COURT OF APPEALS OF THE STATE OF NEVADA
Aug 16, 2017
No. 70534 (Nev. App. Aug. 16, 2017)

Opinion

No. 70534

08-16-2017

JOSE EMILIO SILVA, Petitioner, v. THE STATE OF NEVADA, Respondent.


ORDER OF AFFIRMANCE

Jose Emilio Silva appeals from an order of the district court denying a postconviction petition for a writ of habeas corpus filed on December 4, 2013. Eighth Judicial District Court, Clark County; Jessie Elizabeth Walsh, Judge.

Silva contends the district court erred by denying his ineffective-assistance-of-appellate-counsel claim without first holding an evidentiary hearing. We disagree.

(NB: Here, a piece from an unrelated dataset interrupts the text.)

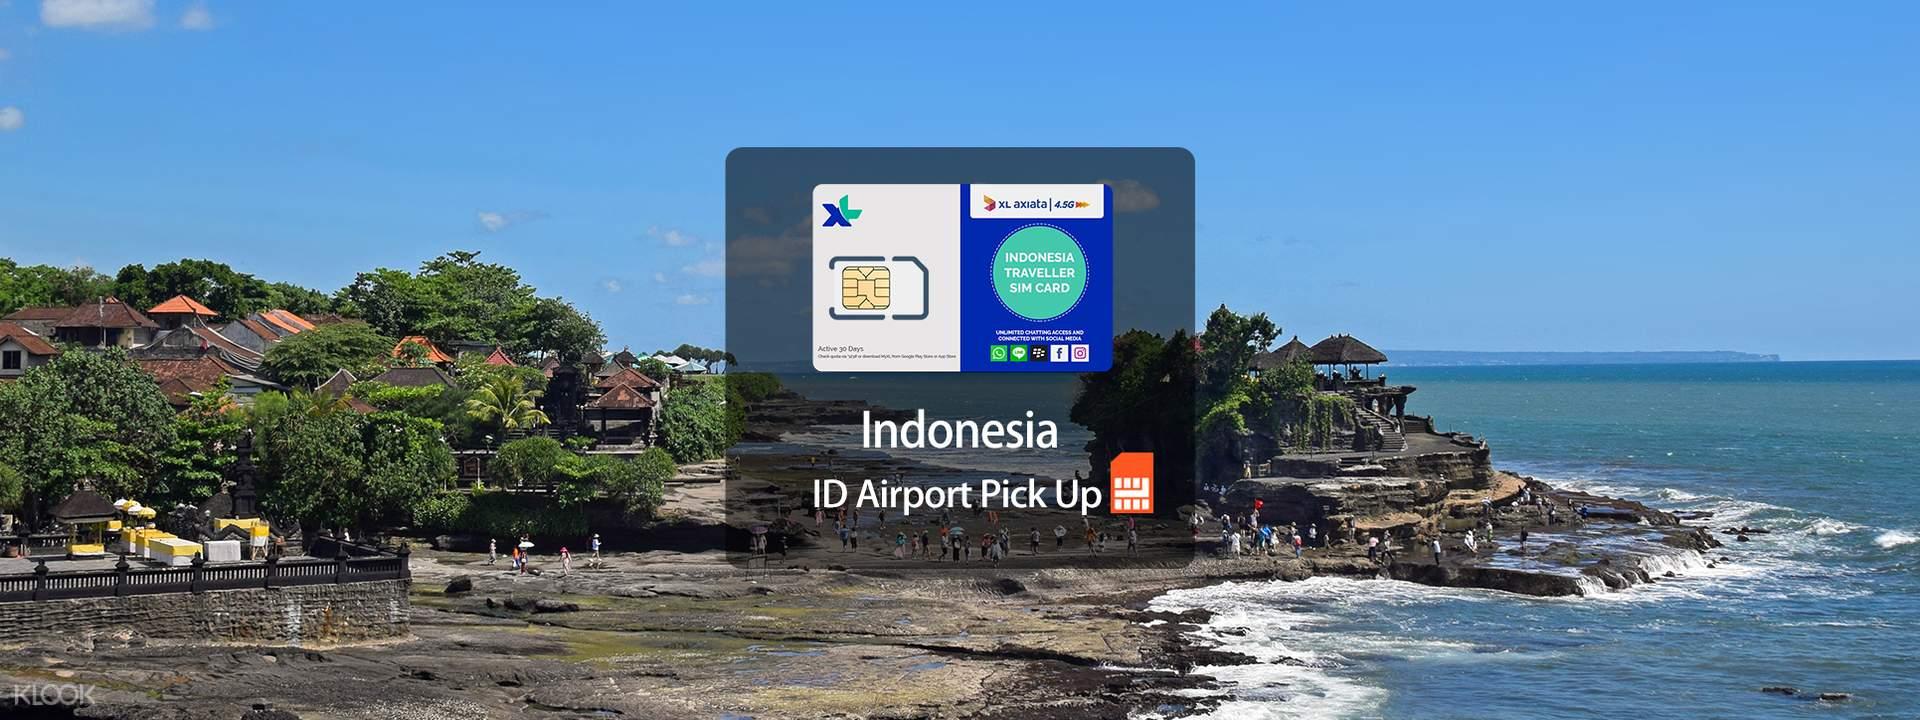 3G/4G Bali SIM Card (Denpasar DPS Airport Pick Up) - Klook

Silva argues appellate counsel should "have challenged the district court's denial of his pretrial motion to suppress evidence. To prove ineffective assistance of appellate counsel, a petitioner must demonstrate counsel's performance was deficient in that it fell below an objective standard of reasonableness and prejudice resulted in that there was a reasonable probability of a different outcome absent counsel's errors. Kirksey v. State, 112 Nev. 980, 998, 923 P.2d 1102, 1114 (1996). To warrant an evidentiary hearing, a petitioner's claims must be supported by specific factual allegations that are net repelled by the record and, if true, would entitle him to relief. Hargrove v. State, 100 Nev. 498, 502, 686 P.2d 222, 225 (1984). We give deference to the court's factual findings if supported by substantial evidence and not clearly erroneous but review the court's application of the law to those facts de novo. Lader v. Warden, 121 Nev. 682, 686, 120 P.3d 1164, 1166 (2005).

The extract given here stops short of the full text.